Segment Open

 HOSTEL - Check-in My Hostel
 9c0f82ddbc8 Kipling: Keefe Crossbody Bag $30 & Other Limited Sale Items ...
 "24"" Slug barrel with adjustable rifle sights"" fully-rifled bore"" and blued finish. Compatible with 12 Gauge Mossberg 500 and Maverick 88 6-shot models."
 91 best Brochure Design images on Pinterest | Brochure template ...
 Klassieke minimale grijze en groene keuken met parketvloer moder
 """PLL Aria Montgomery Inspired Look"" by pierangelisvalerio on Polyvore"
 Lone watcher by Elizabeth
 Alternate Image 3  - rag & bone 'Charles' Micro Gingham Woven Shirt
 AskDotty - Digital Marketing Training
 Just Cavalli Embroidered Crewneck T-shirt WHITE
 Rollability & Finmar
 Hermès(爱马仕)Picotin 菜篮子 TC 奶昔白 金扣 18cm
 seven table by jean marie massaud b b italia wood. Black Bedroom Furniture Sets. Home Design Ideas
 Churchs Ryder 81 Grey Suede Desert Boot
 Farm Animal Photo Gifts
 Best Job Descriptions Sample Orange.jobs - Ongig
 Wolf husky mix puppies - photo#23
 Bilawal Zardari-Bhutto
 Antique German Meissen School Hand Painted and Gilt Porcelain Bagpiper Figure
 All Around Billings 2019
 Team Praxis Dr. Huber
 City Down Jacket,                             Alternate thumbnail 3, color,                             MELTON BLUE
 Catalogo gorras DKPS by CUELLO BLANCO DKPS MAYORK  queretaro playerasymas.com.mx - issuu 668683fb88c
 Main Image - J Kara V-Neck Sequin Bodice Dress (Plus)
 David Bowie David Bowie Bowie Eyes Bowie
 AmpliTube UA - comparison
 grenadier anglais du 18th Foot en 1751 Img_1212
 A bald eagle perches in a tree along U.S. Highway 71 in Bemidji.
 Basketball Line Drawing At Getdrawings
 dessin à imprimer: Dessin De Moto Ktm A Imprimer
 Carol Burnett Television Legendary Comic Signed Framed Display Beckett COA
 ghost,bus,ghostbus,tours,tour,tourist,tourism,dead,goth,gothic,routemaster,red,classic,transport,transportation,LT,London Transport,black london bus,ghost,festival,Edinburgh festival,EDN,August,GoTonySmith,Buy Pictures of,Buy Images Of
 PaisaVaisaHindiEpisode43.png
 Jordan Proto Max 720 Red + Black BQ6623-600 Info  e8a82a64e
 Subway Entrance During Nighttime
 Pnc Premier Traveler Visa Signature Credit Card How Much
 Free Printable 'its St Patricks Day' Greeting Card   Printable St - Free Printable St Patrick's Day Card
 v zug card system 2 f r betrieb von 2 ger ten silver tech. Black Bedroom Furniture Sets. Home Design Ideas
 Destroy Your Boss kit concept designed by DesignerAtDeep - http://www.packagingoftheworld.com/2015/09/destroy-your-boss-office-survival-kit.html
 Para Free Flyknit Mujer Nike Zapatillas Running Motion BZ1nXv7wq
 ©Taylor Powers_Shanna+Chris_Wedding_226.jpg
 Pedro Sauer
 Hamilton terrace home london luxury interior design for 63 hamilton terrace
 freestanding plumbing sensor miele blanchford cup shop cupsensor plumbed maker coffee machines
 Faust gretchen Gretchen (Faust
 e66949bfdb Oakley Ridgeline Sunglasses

Segment Closed

## DESCRIPTION OF THE TASK:
The records above must be transcribed line for line, exactly.

## EXERCISE RESPONSE:
 HOSTEL - Check-in My Hostel
 9c0f82ddbc8 Kipling: Keefe Crossbody Bag $30 & Other Limited Sale Items ...
 "24"" Slug barrel with adjustable rifle sights"" fully-rifled bore"" and blued finish. Compatible with 12 Gauge Mossberg 500 and Maverick 88 6-shot models."
 91 best Brochure Design images on Pinterest | Brochure template ...
 Klassieke minimale grijze en groene keuken met parketvloer moder
 """PLL Aria Montgomery Inspired Look"" by pierangelisvalerio on Polyvore"
 Lone watcher by Elizabeth
 Alternate Image 3  - rag & bone 'Charles' Micro Gingham Woven Shirt
 AskDotty - Digital Marketing Training
 Just Cavalli Embroidered Crewneck T-shirt WHITE
 Rollability & Finmar
 Hermès(爱马仕)Picotin 菜篮子 TC 奶昔白 金扣 18cm
 seven table by jean marie massaud b b italia wood. Black Bedroom Furniture Sets. Home Design Ideas
 Churchs Ryder 81 Grey Suede Desert Boot
 Farm Animal Photo Gifts
 Best Job Descriptions Sample Orange.jobs - Ongig
 Wolf husky mix puppies - photo#23
 Bilawal Zardari-Bhutto
 Antique German Meissen School Hand Painted and Gilt Porcelain Bagpiper Figure
 All Around Billings 2019
 Team Praxis Dr. Huber
 City Down Jacket,                             Alternate thumbnail 3, color,                             MELTON BLUE
 Catalogo gorras DKPS by CUELLO BLANCO DKPS MAYORK  queretaro playerasymas.com.mx - issuu 668683fb88c
 Main Image - J Kara V-Neck Sequin Bodice Dress (Plus)
 David Bowie David Bowie Bowie Eyes Bowie
 AmpliTube UA - comparison
 grenadier anglais du 18th Foot en 1751 Img_1212
 A bald eagle perches in a tree along U.S. Highway 71 in Bemidji.
 Basketball Line Drawing At Getdrawings
 dessin à imprimer: Dessin De Moto Ktm A Imprimer
 Carol Burnett Television Legendary Comic Signed Framed Display Beckett COA
 ghost,bus,ghostbus,tours,tour,tourist,tourism,dead,goth,gothic,routemaster,red,classic,transport,transportation,LT,London Transport,black london bus,ghost,festival,Edinburgh festival,EDN,August,GoTonySmith,Buy Pictures of,Buy Images Of
 PaisaVaisaHindiEpisode43.png
 Jordan Proto Max 720 Red + Black BQ6623-600 Info  e8a82a64e
 Subway Entrance During Nighttime
 Pnc Premier Traveler Visa Signature Credit Card How Much
 Free Printable 'its St Patricks Day' Greeting Card   Printable St - Free Printable St Patrick's Day Card
 v zug card system 2 f r betrieb von 2 ger ten silver tech. Black Bedroom Furniture Sets. Home Design Ideas
 Destroy Your Boss kit concept designed by DesignerAtDeep - http://www.packagingoftheworld.com/2015/09/destroy-your-boss-office-survival-kit.html
 Para Free Flyknit Mujer Nike Zapatillas Running Motion BZ1nXv7wq
 ©Taylor Powers_Shanna+Chris_Wedding_226.jpg
 Pedro Sauer
 Hamilton terrace home london luxury interior design for 63 hamilton terrace
 freestanding plumbing sensor miele blanchford cup shop cupsensor plumbed maker coffee machines
 Faust gretchen Gretchen (Faust
 e66949bfdb Oakley Ridgeline Sunglasses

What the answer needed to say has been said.